Molecular docking analysis of the interaction of cannabinoids with DPP-IV. The analysis was performed for (A) CBD, (B) CBG, (C) CBN and (D) THC. On the left is the two-dimensional depiction, presenting the corresponding interacting amino acid residues within the binding site of DPP-IV (hydrogen bonds are represented by the dashed green lines). On the right, the detailed view of the docked cannabinoid structures and the potential of hydrogen bonding capacity within the binding site of DPP-IV is shown (purple presents the hydrogen bond donor region and green presents hydrogen bond acceptor region).. (For interpretation of the references to colour in this figure legend, the reader is referred to the Web version of this article.)

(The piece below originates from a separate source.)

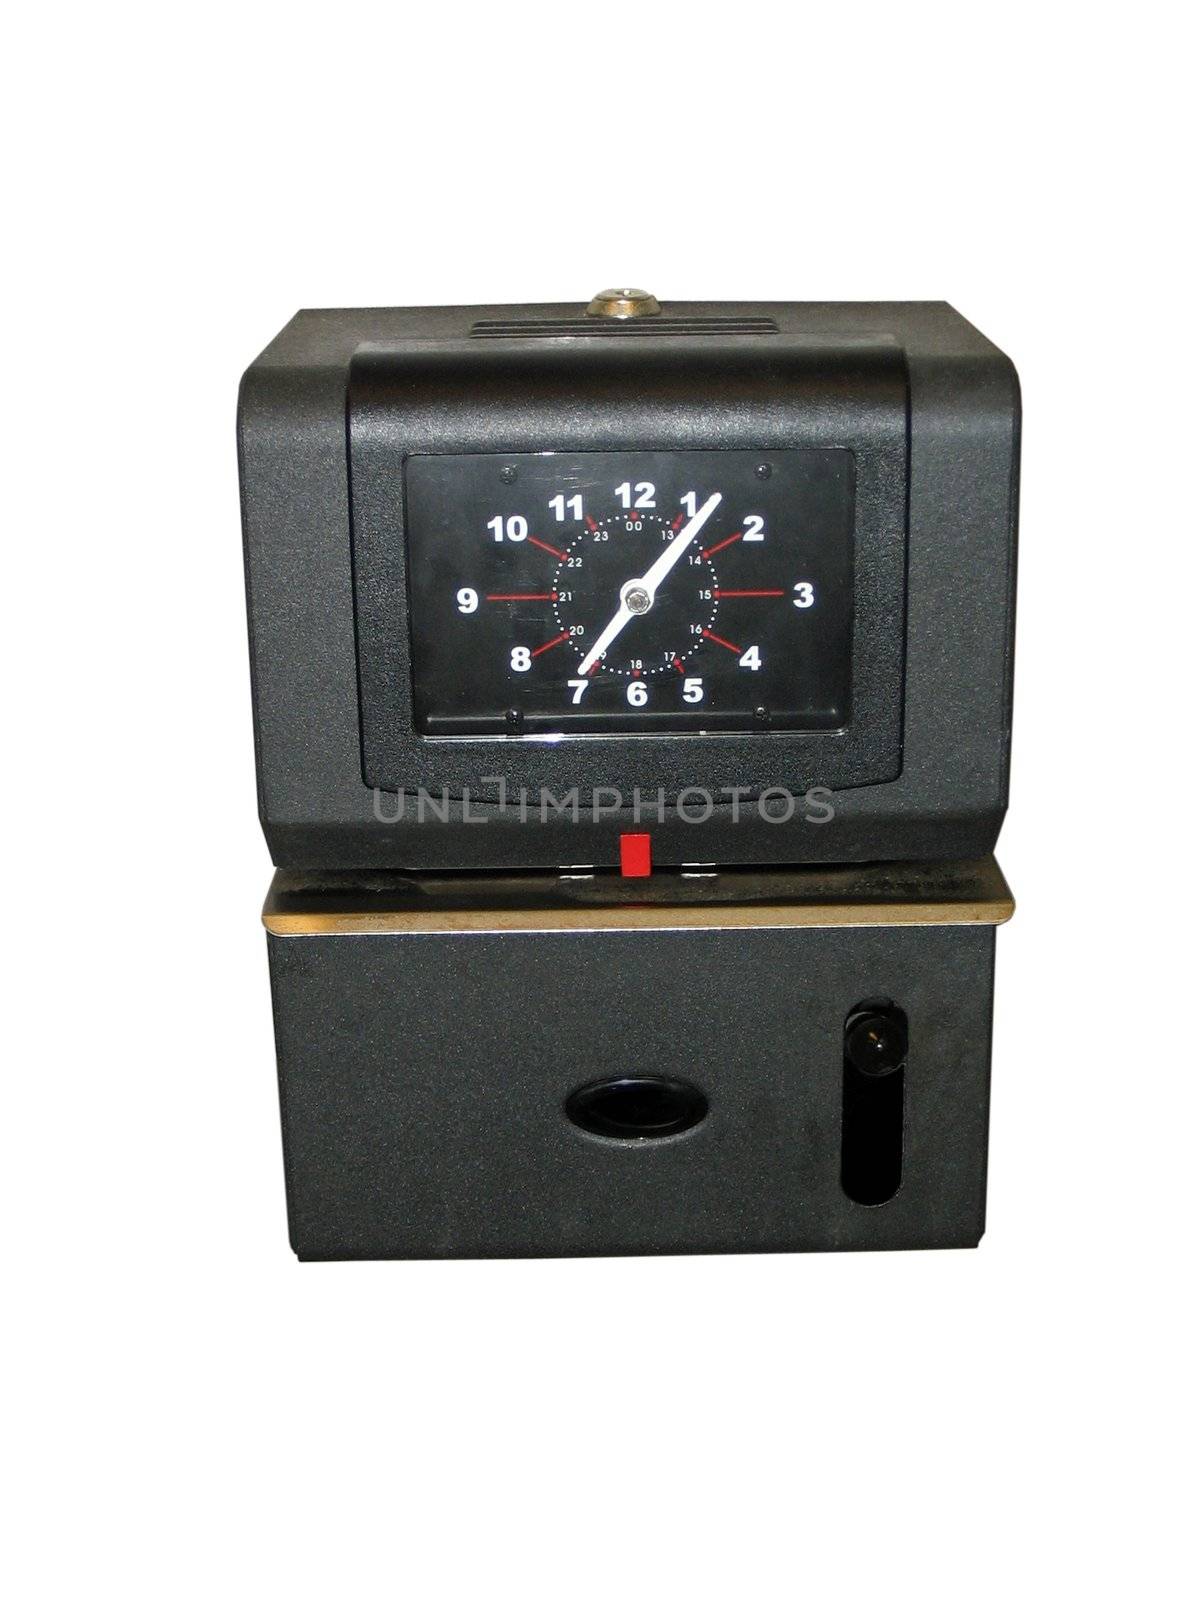 This is a picture of a black wall mounted time clock that has been cut-out and isolated on a white background.

A summary of molecular docking findings is presented in Table 4. CBN generated the highest-ranking docking score at −8.2 kcal/mol, this was followed by THC at −7.8 kcal/mol, CBD at −7.3 kcal/mol and CBG at – 6.5 kcal/mol. These findings reveal a possible correlation between the structure of the cannabinoids and their docking score. The two aromatic rings of CBN seem to be heavily involved in the interactions, suggesting a charge transfer attraction between its electron-rich aromatic rings and the positive charged groups of amino acid residues. Overall, all four cannabinoids are binding at the active site of DPP-IV by interacting with the key amino acid residues.

Table 4

Summary of molecular docking results of selected cannabinoids with the DPP-IV active site.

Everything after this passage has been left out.